#### RECORDS SHOWN:
^^^^^^^^
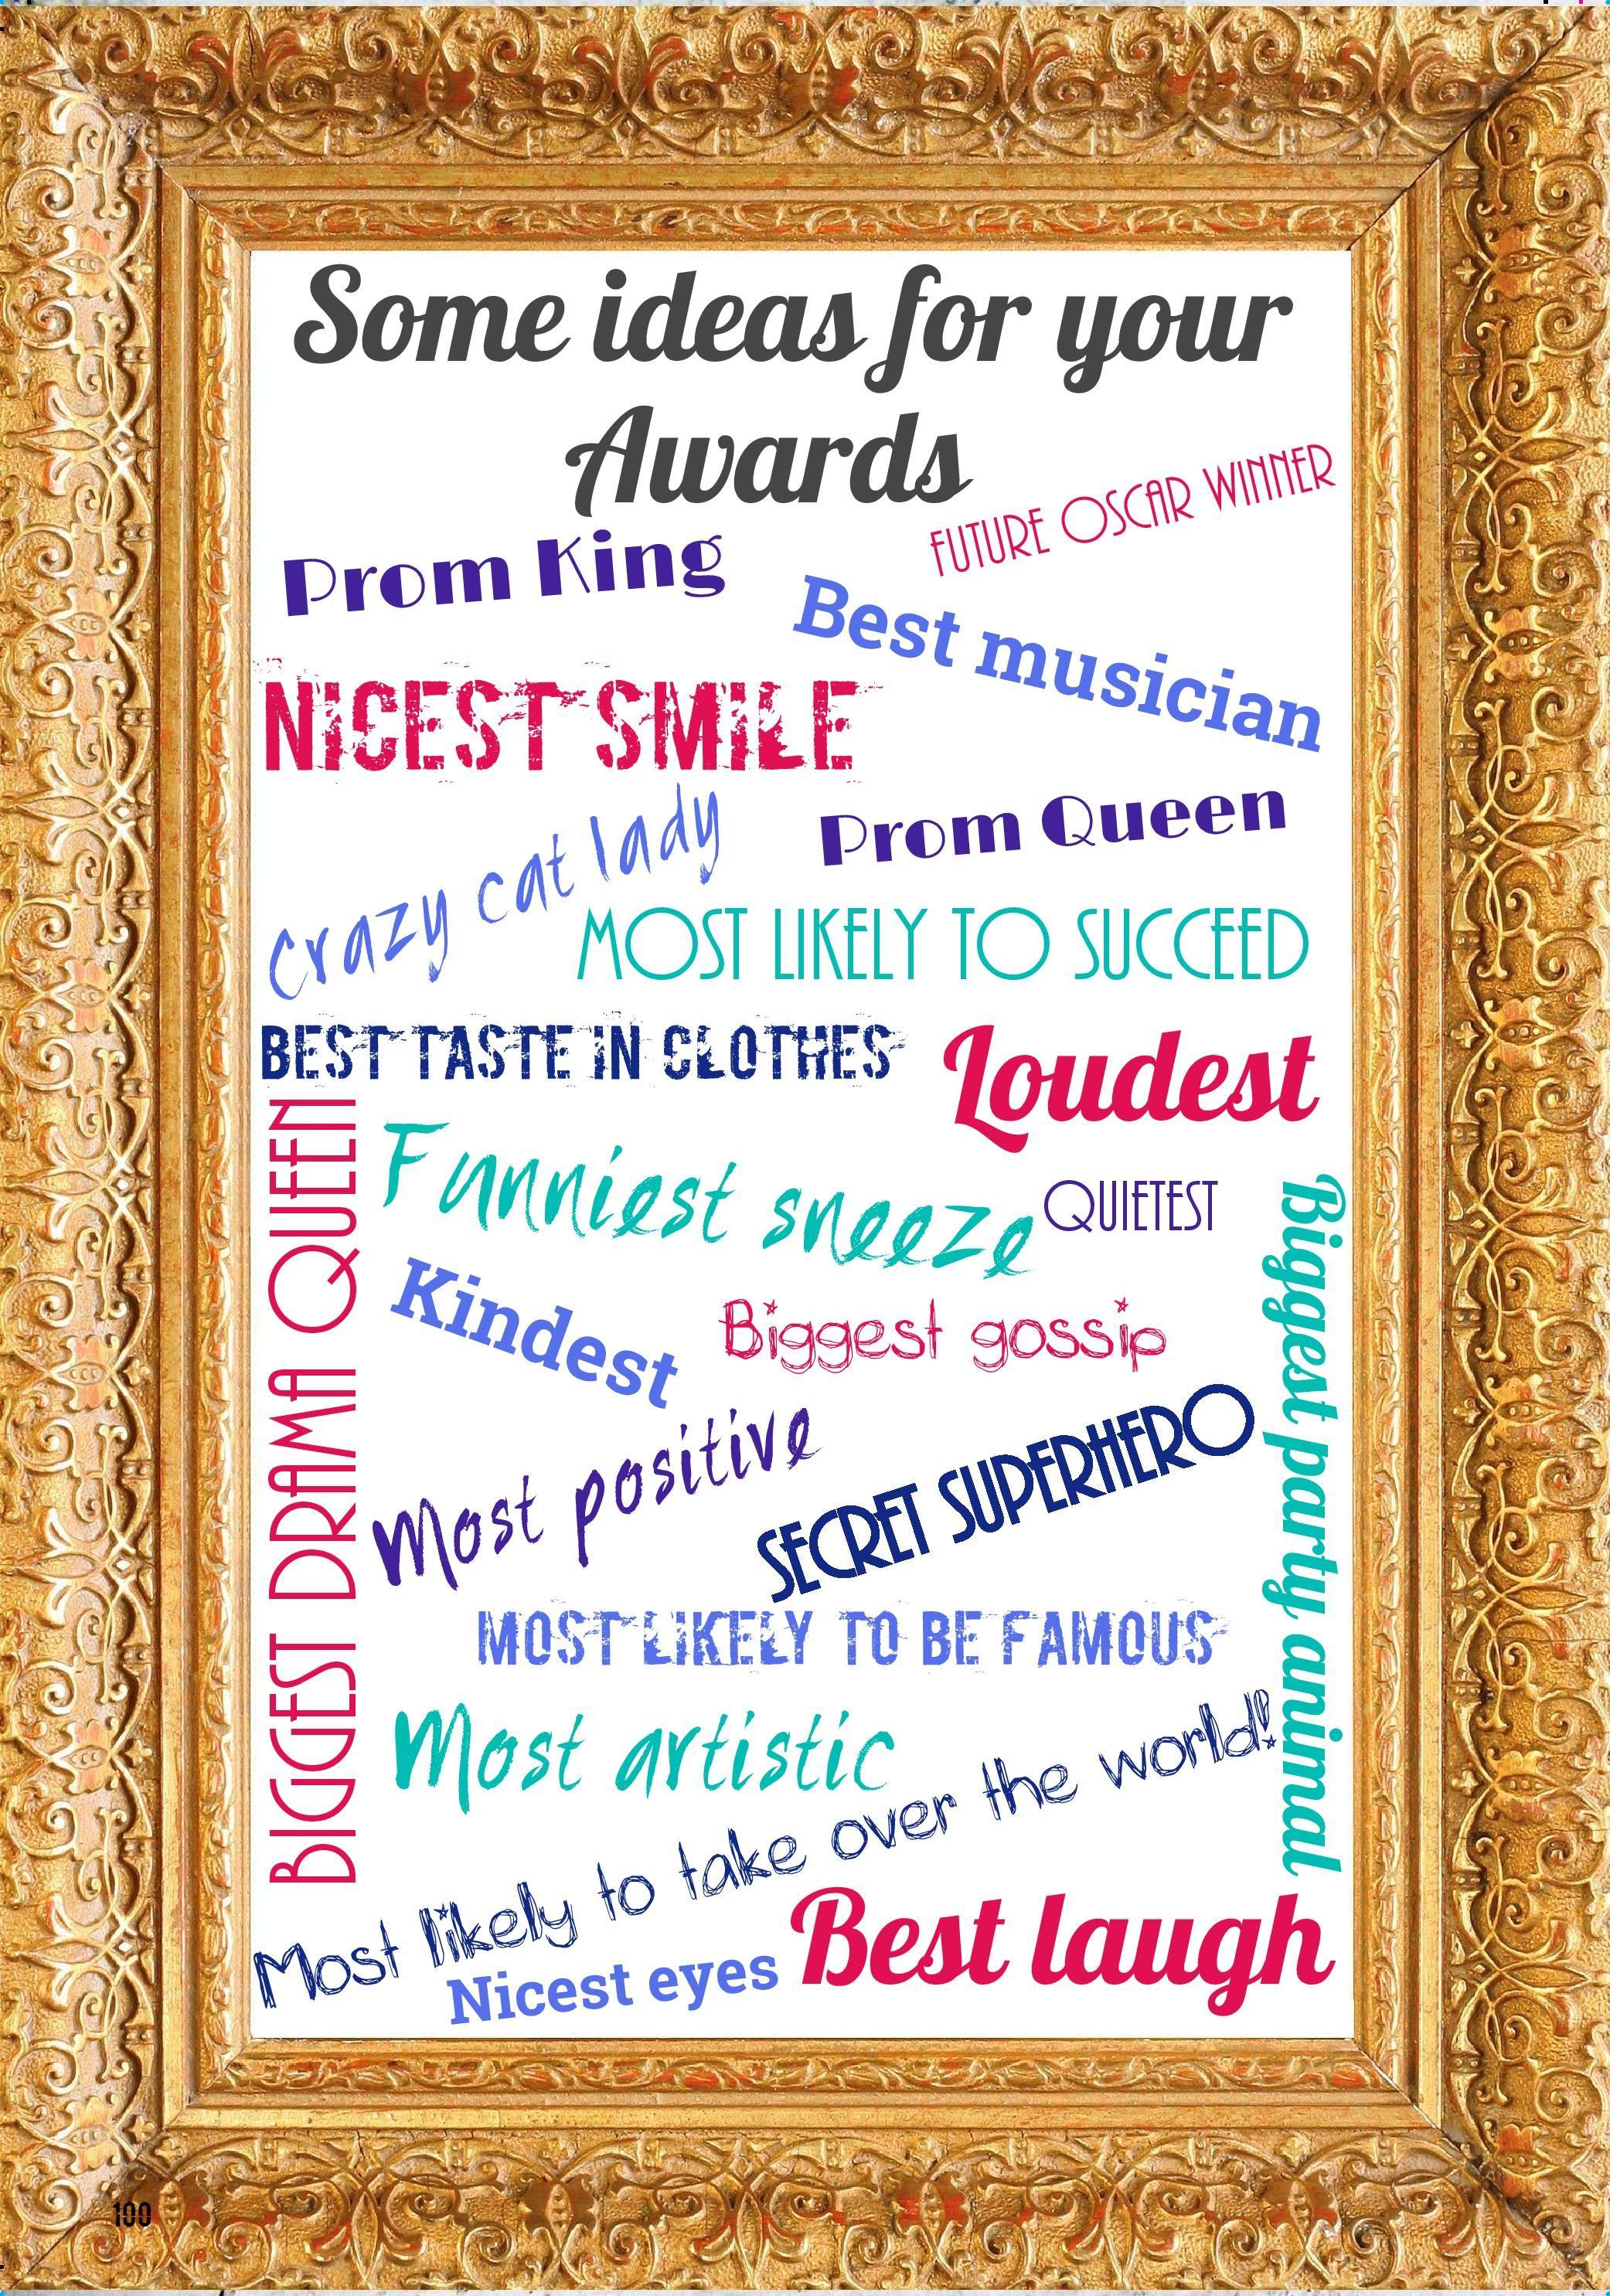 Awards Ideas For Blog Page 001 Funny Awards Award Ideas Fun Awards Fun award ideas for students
^^^^^^^^
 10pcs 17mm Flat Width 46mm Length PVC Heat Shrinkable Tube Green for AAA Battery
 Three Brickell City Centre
^^^^^^^^
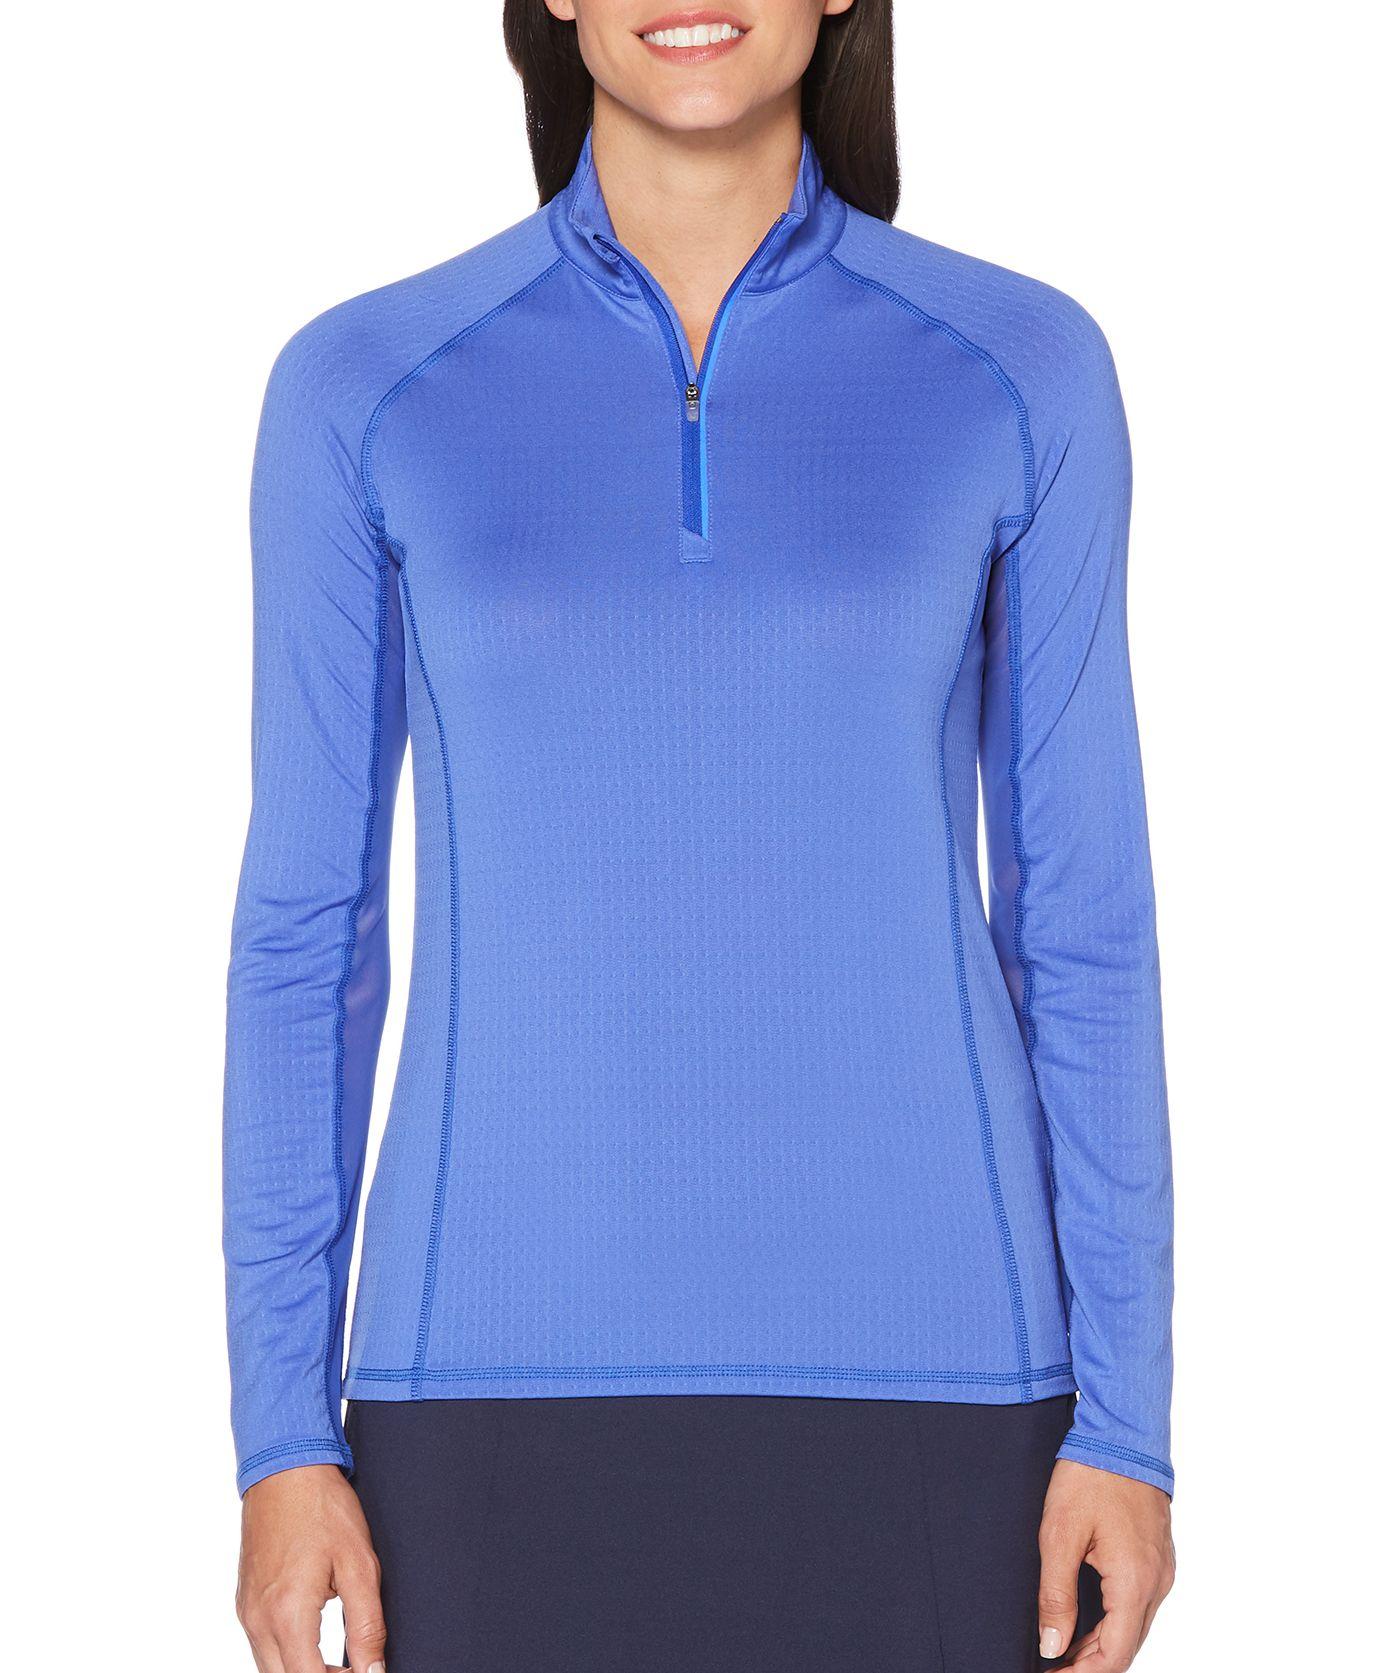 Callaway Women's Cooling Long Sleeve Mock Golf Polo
^^^^^^^^
#### WORK TO BE COMPLETED:
Restate word for word the entries above from the line with "10pcs 17mm Flat" through the line with "Three Brickell City Centre", inclusive, leaving out everything else.

#### OUTPUT FOR THIS TASK:
 10pcs 17mm Flat Width 46mm Length PVC Heat Shrinkable Tube Green for AAA Battery
 Three Brickell City Centre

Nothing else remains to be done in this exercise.